To which I’ll add that the ATF will now classify the AR .50 cal uppers as firearms. Poof! Do you see where this going? Also, why would they need to do that if there was no database? Hello?!? Where is your NRA? It won’t be long until you’re banned from not being on the rail cars and the NRA will doing the loading.
On August 20, 2018 at 8:45 am, Ned said:
So ATF and FBI conceal evidence in order to promulgate a rule desired by the overlords. Sounds like business as usual.
On August 20, 2018 at 2:12 pm, Gryphon said:
More of a Clown Show every Day… OBVIOUSLY, Every Person and Every ‘Organization’ in the feral government simply want to Ban all Weapons, but Knowing this gets them Fed to the Wood-Chippers promptly, they are trying Every Possible Bullshit Excuse to ‘Ban Things’. Thus, the Confusion among the various Ratholes in the Swamp is becoming so Contradictory as to be Ridiculous.

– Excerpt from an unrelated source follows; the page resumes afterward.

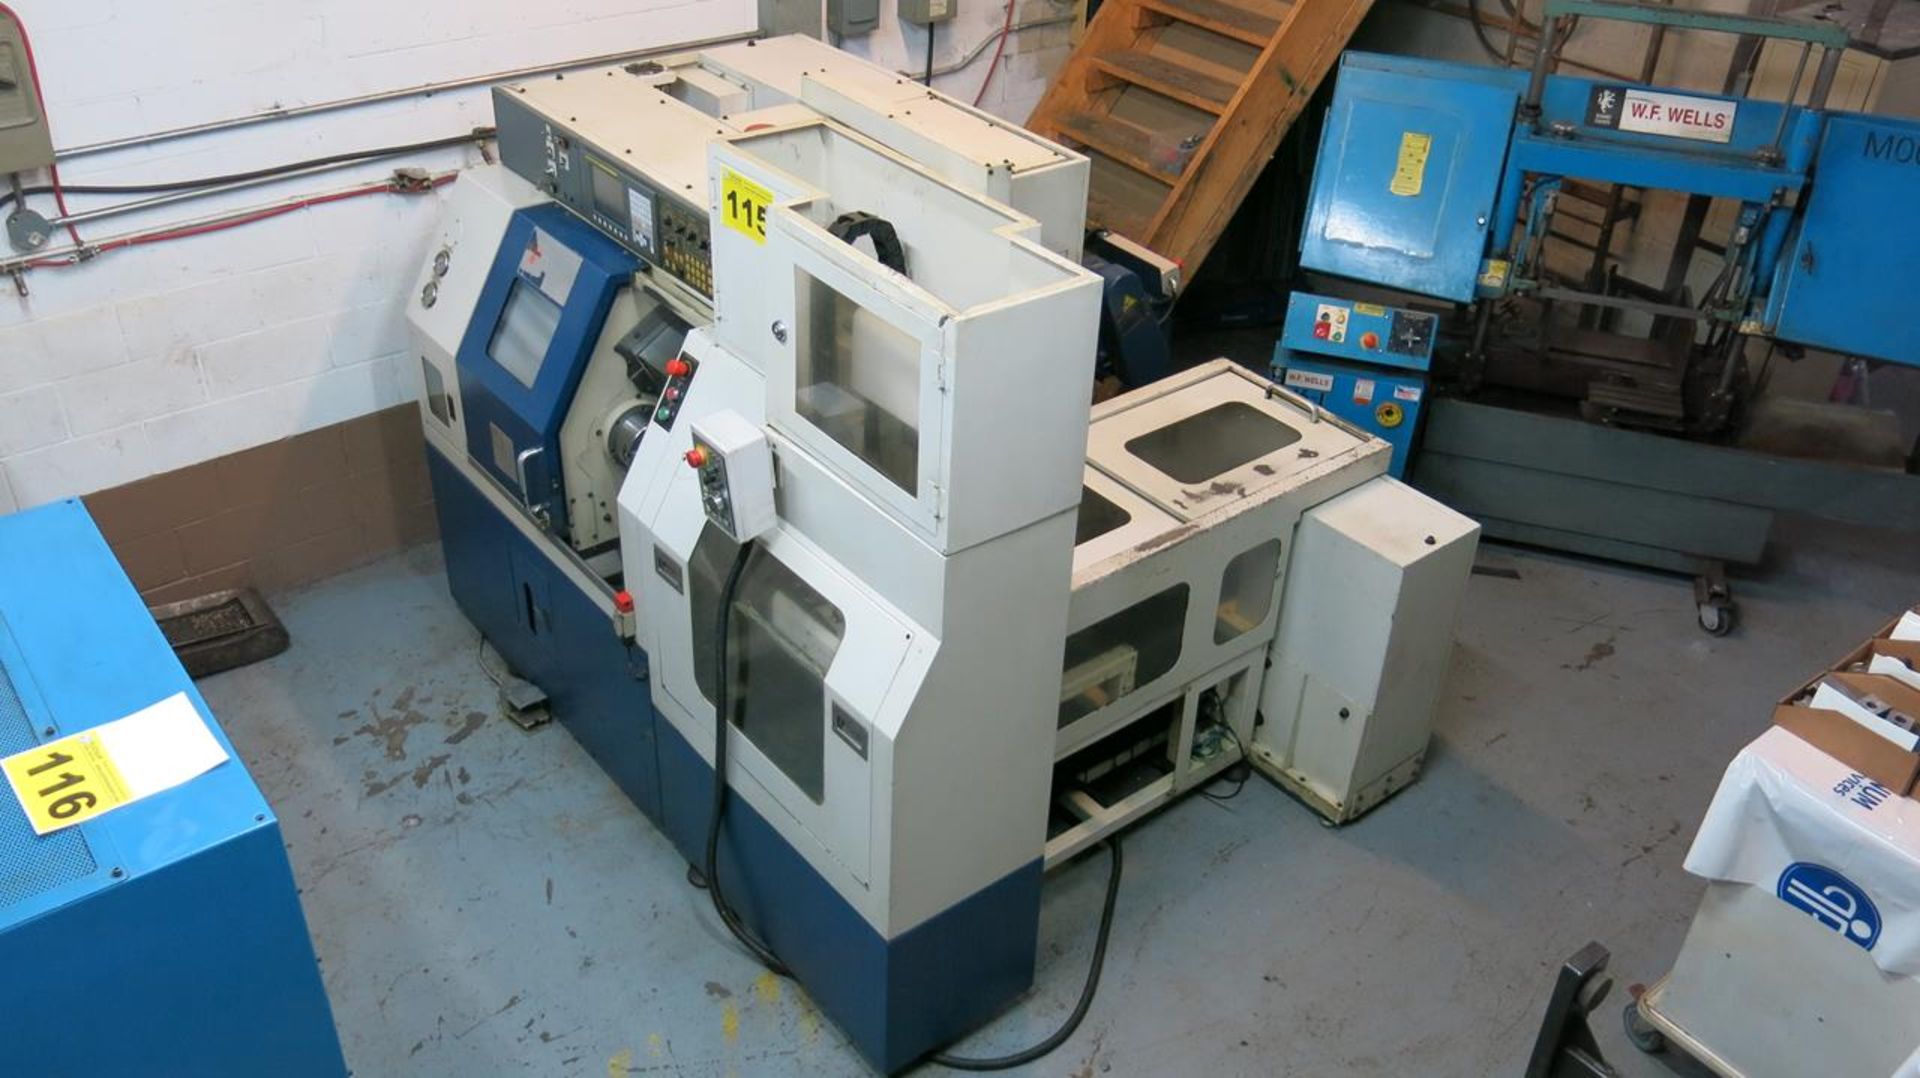 2012, TONGTAI MACHINE CO., HS-22, CNC PRECISION LATHE, 15 HP SPINDLE, 6000 RPM SPINDLE, 6" DIA 3 JAW - Image 2 of 9

Those who Believe (ever so Desperately) that there is some Vast, Overarching Conspiracy to Deprive us of our Rights, conducted in Minute, Obscure Detail, need to Remember that Incompetence often Defeats Intent. The Truth is, IMO, rather Mundane; Corrupt Individuals, Without Morals, may ‘think and act alike’, but their Ability to Act in a coordinated, effective manner is clearly limited by their overall lack of Character. You Know, the “Peter Principle”.